2. Little Red gets it done - That's right, McAfee keeps on going, like the Energizer bunny. 22% growth on the top line. Of course, some of that is due to acquired technology (like SafeBoot and Reconnex - yes, that's a joke), but it's also clear that MFE is executing well in the field. In North America anyway, which I guess is why they hired a new head of EMEA this past quarter. Will it continue? They are predicting modest growth in Q1, so I guess things are all roses. The new regime in Big Yella-land has it's work cut out for it.
   
3. Can't unplug? Watch outbound connections - I joke during speaking engagements that the only way to ensure data won't be stolen is to unplug a device from the network, which is true. Yes, that's clearly not practical. So what to do? Rich brings up the age old concept of managing outbound connections. Clearly data needs to be exfiltrated to be useful to an attacker (though the exfiltration could be via USB thumb drive or iPod) and that usually involves some kind of outbound connection. If you are looking for anomalous outbound connections, then you should see the data be stolen. He has some ideas about using firewalls and web security gateways to scrutinize the traffic. I added my two cents in the comments and also mentioned that monitoring NetFlow is another way to track outbound connections.
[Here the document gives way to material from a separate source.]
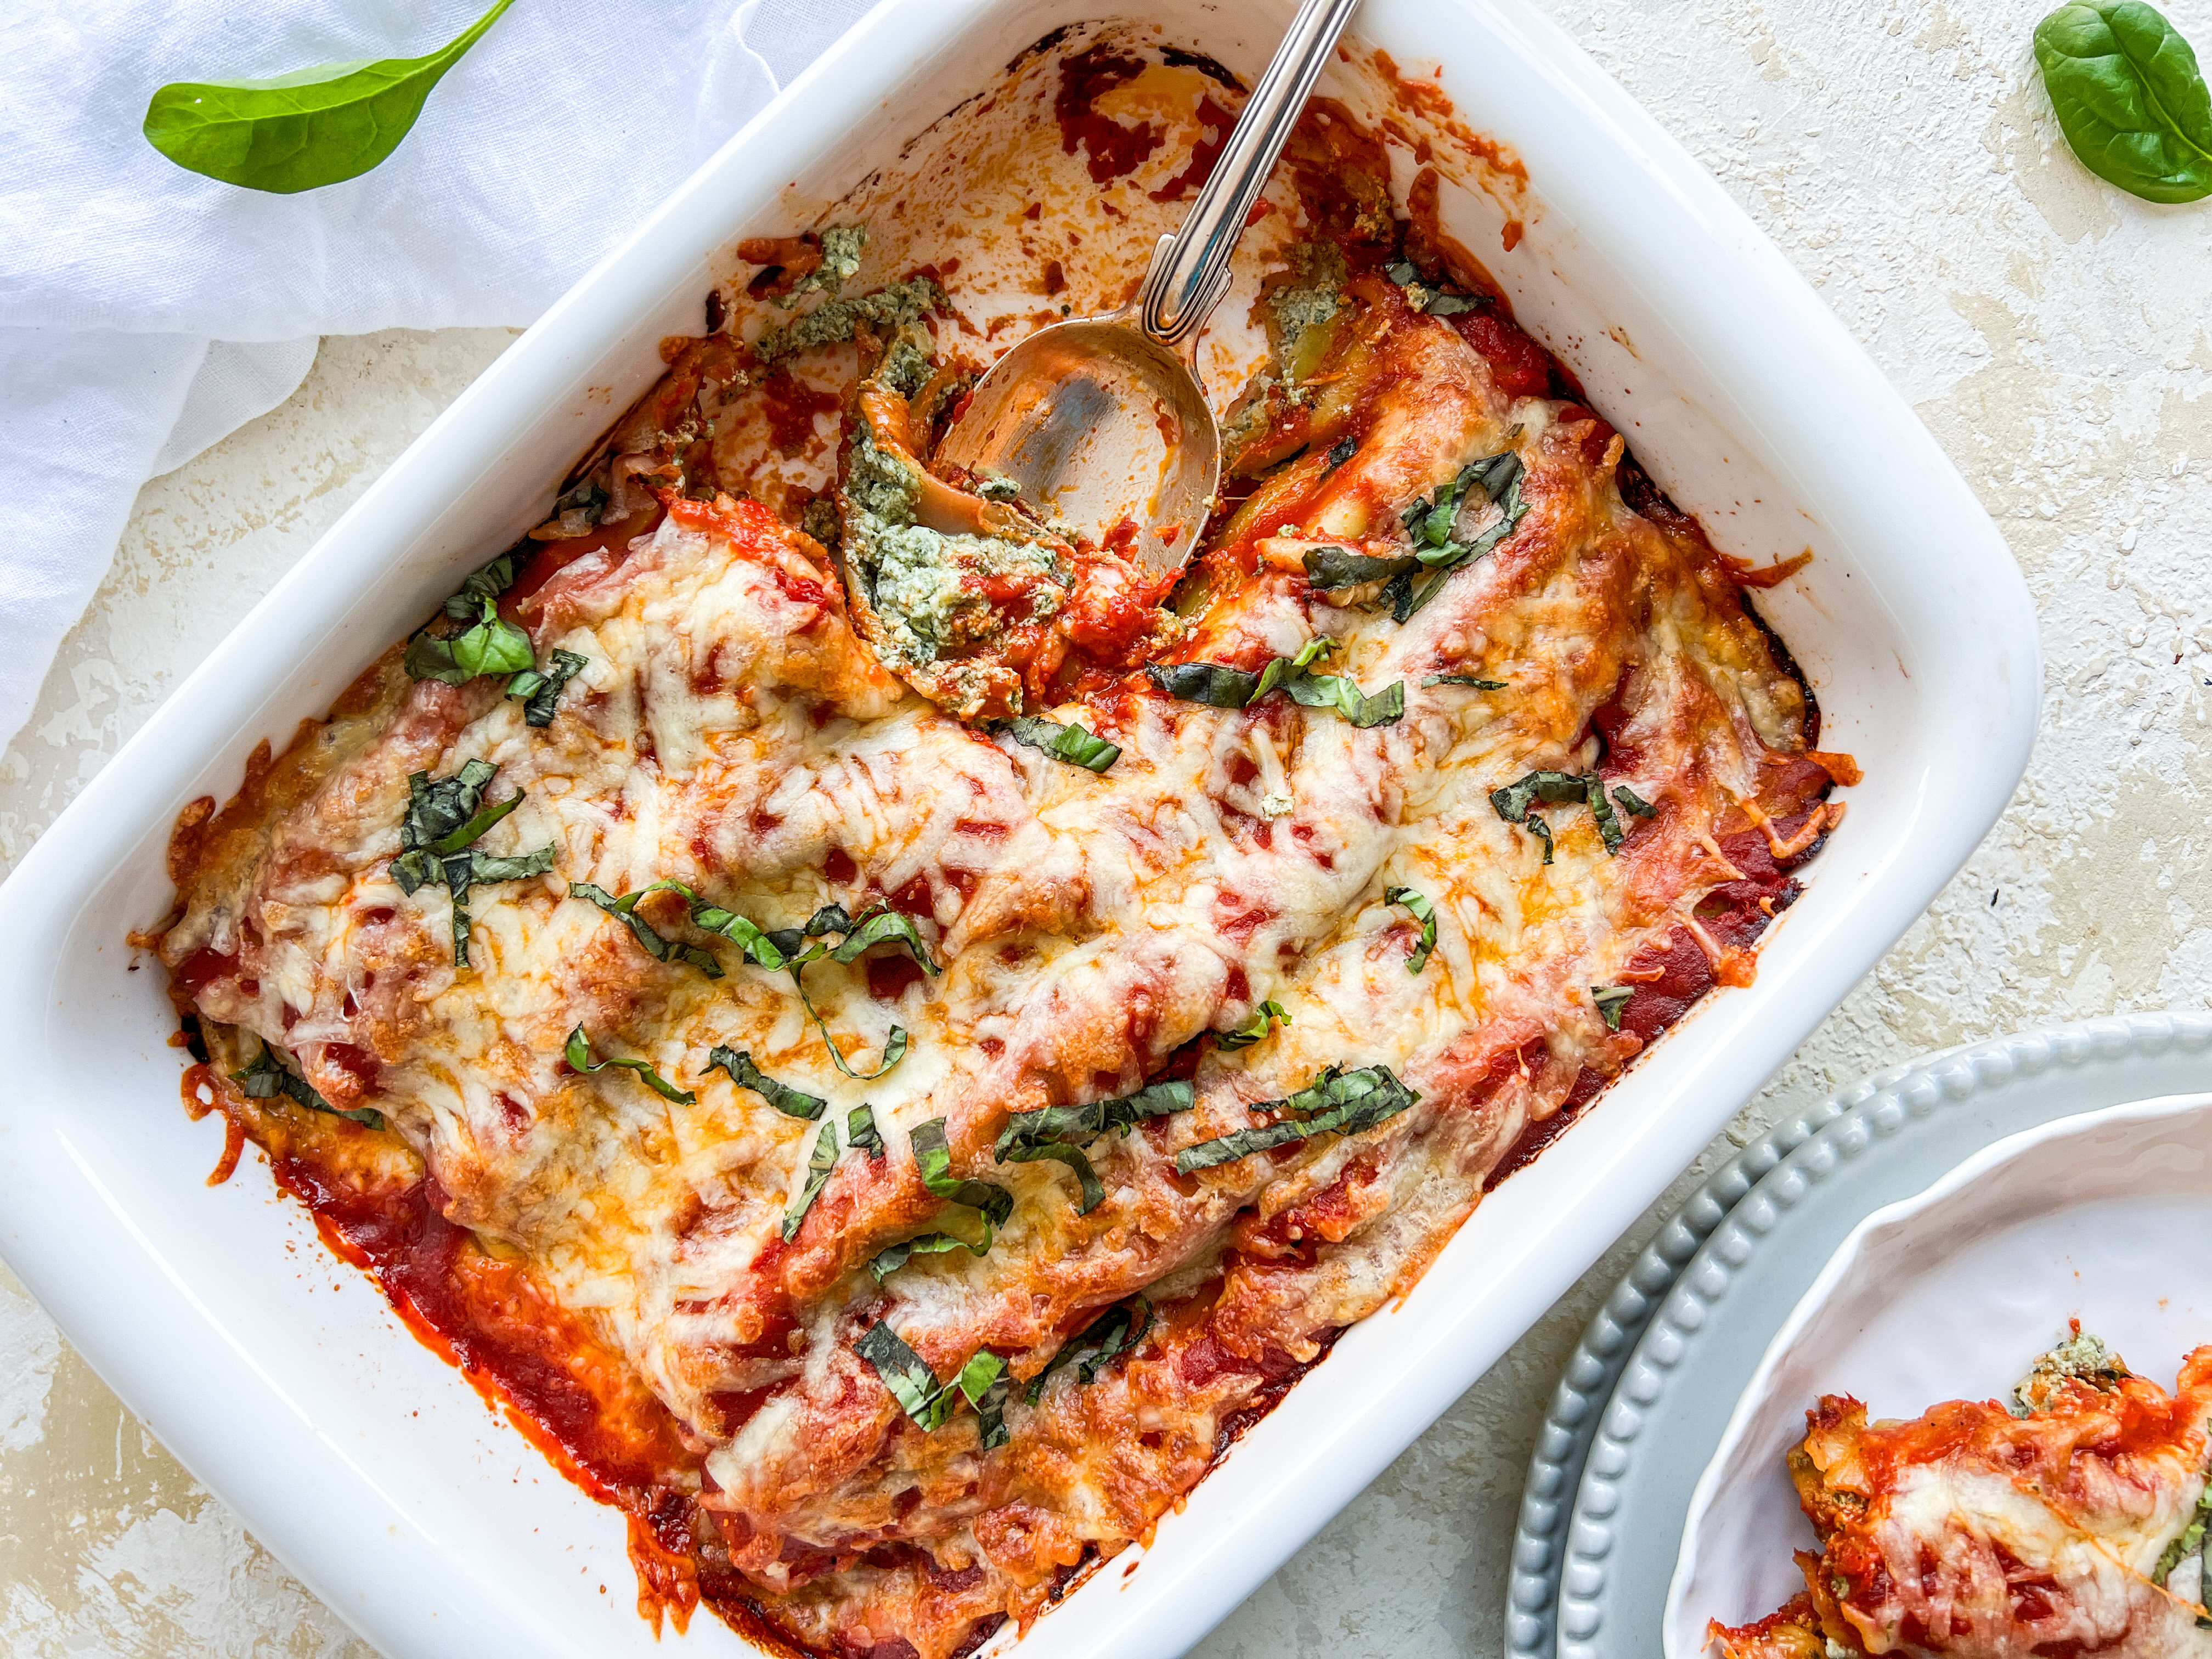 Photograph of Spinach and Ricotta Canneloni

However you do it, it's a pretty good idea. 
   
4. 4 years later, a FISMA update - That's right. The fine folks at NIST are finally revisiting FISMA for the first time since 2005. Awesome. Just in time. Comments on this draft(pdf) are due March 27. There is good news and bad news about this. The good news is that some agencies have moved well beyond what is mandated by FISMA anyway. The bad news is that most haven't and a bunch can't even get old FISMA right. What makes us think they'll get it right now, as the bar is moved even further away to deal with the new attacks and be more in line with industry frameworks like ISO 27001/2. Anyhow, that's kind of indicative of the world right? Some go beyond the standard and most don't. Why would the Feds be any different?
   
5. Protect those passwords (in your web apps) - The folks at Veracode are tired of passwords being pilfered time after time from leaky web sites. So they are kindly providing some pointers to make sure your passwords are stored securely. You know, simple things like no storing them in the clear. No kidding. Things like one-way hashes and salts actually work. But I'm sure there are many millions of sites out there that still screw this up. They also address issues like doing password reset correctly and the like. Remember, these guys can break your stuff, so you probably should listen when they are trying to help.
   
6. 4 points about security metrics - It's true, we've all been waiting for a set of security metrics we can work with, and it's been slow in coming. I believe the Center for Internet Security will be publishing their cut at security metrics in the near future. They've been at it for over a year, so hopefully consensus is near. Grumpy Pete weighs in here about getting a bit more strategic relative to metrics, and defines 4 points that need to be factored into any metrics discussion. The first are transactions, then we have value, controls is next and finally incidents are last. OK, it's hard to argue that most things that we count can be abstracted to have components of all four. But I'm still a bit at a loss, since this seems more like a hierarchy to build a security architecture, not necessarily count what is going on. Hopefully Pete will flesh things out more (a lot more).